A couple holds hands in an empty room at Ikea in Chicago.A couple holds hands in an empty room at Ikea in Chicago. Star Tribune via Getty Images (Star Tribune via Getty Images)

That’s exactly what Lucía C., a 39-year-old musician, experienced in her new relationship. “I had been dating my current partner for a few weeks when she suggested we go to IKEA together. I admit that it was a shock at first, because when you look at the furniture you think about a life together and think: But we hardly know each other! However, I have to admit that it was a lot of fun. We got to know each other better and in those hours between intimate lights and happy couples talked about things that I don’t think we would have talked about in a bar. In the end we ate meatballs and although I don’t know whether the relationship will develop further or not, and although this was not the most romantic date of my life, it was the most constructive and in some ways strange. ” he explains.

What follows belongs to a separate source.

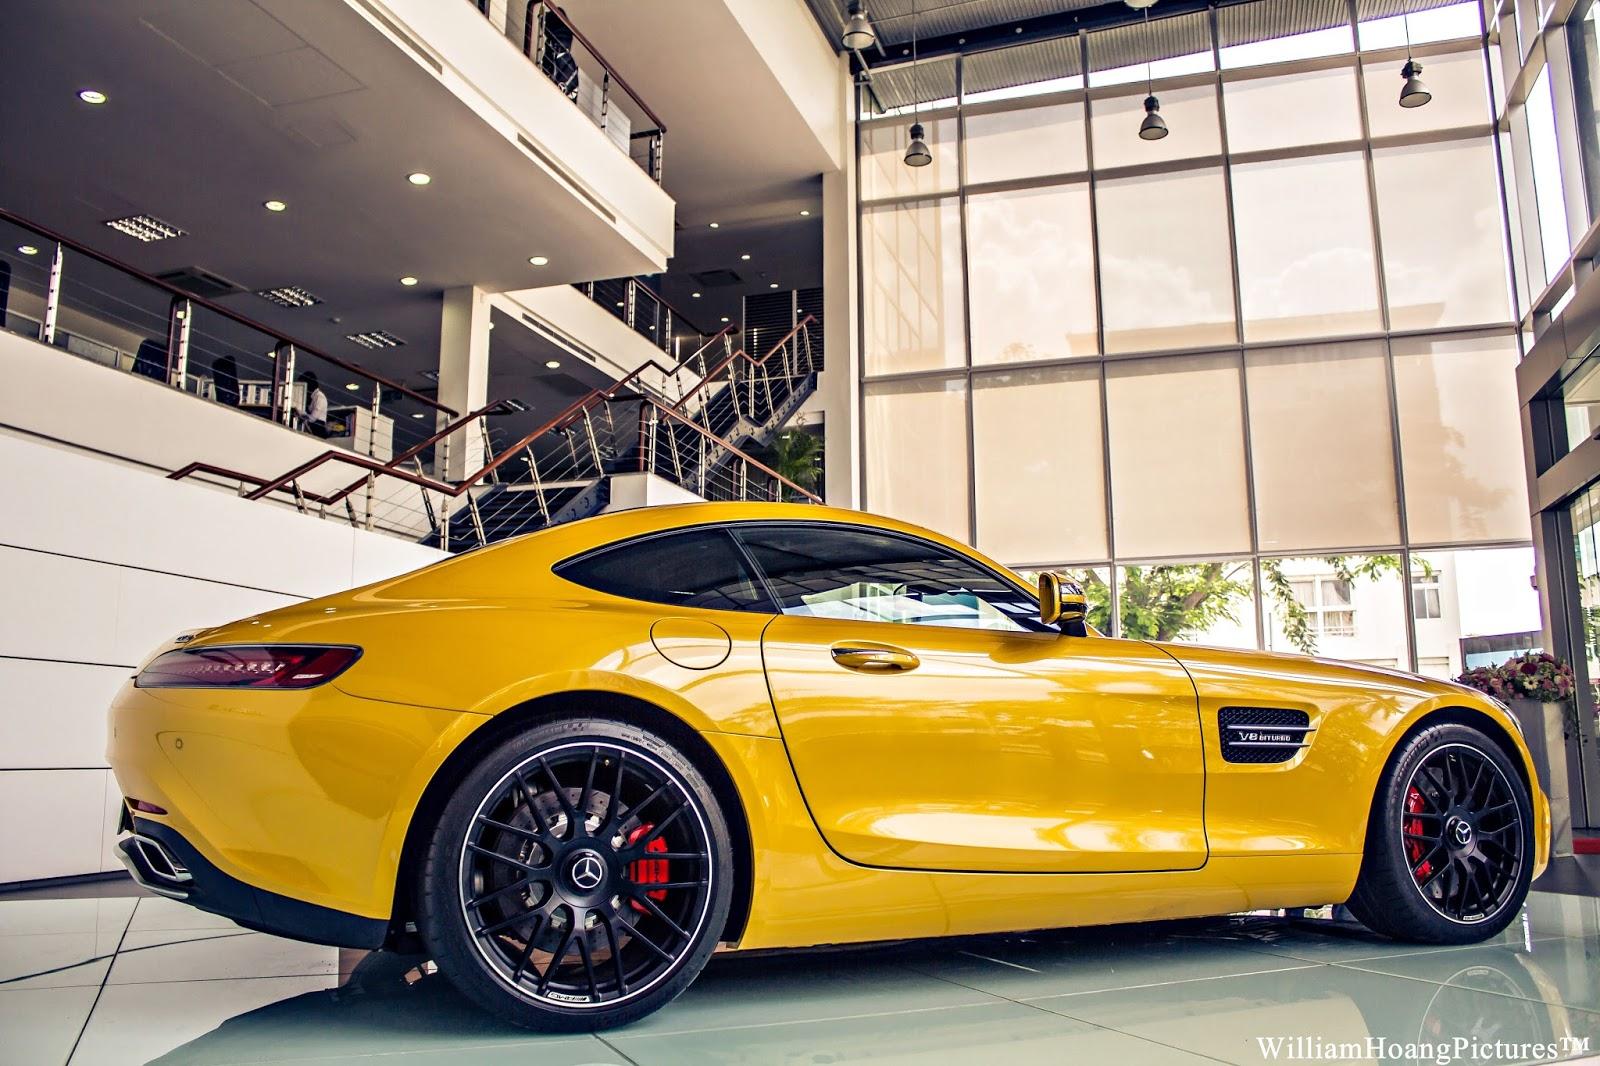 Nói về vẻ đẹp của Mercedes AMG GT S, thì có lẽ nói cả ngày cũng không hết

For her part, Amabel Bardera Rojo, general health psychologist and couples therapist, believes that we have reached a point where many have become tired of the superficiality of classic dates and conversations based on the same questions. “That is why it is not uncommon that there are people who choose meetings where the context favors the emergence of their true identity, in order to really connect with the other person and get to know them a little deeper.” However, he warns that that “love goes through different phases and if we go straight to re-establishing a dynamic of living together, we are skipping some important steps so that this living together enters into reality in a satisfactory way.” When we learn to live together, it is because there is love gives.”

Too intimate for you?

There are 29 million videos on TikTok under the hashtag #ikeadates, so it seems that Swedish meatballs are the new sushi and that candlelit dinners are being ditched in favor of a stroll through the daybed area. “Ikea is a place that reflects the construction of a house,” says Amabel Bardera Rojo. But that’s not always a positive thing, which is why he adds, “If you decide to go on a date at IKEA, the other person may feel it’s an invasion of their privacy.” I may need to get to know you in another way first. This can lead to rejection and cause the other person to close themselves off and put up walls and barriers because they feel completely overwhelmed,” he warns.

The love between FRAKTA bags is undoubtedly suggestive, but you have to keep an eye on each other’s times. If all goes well, one can adopt the headline that the New York Times dedicated to an engineering couple whose wedding was published in the famous and coveted “Unions and Commitments” column: “They Passed the Ikea Test.”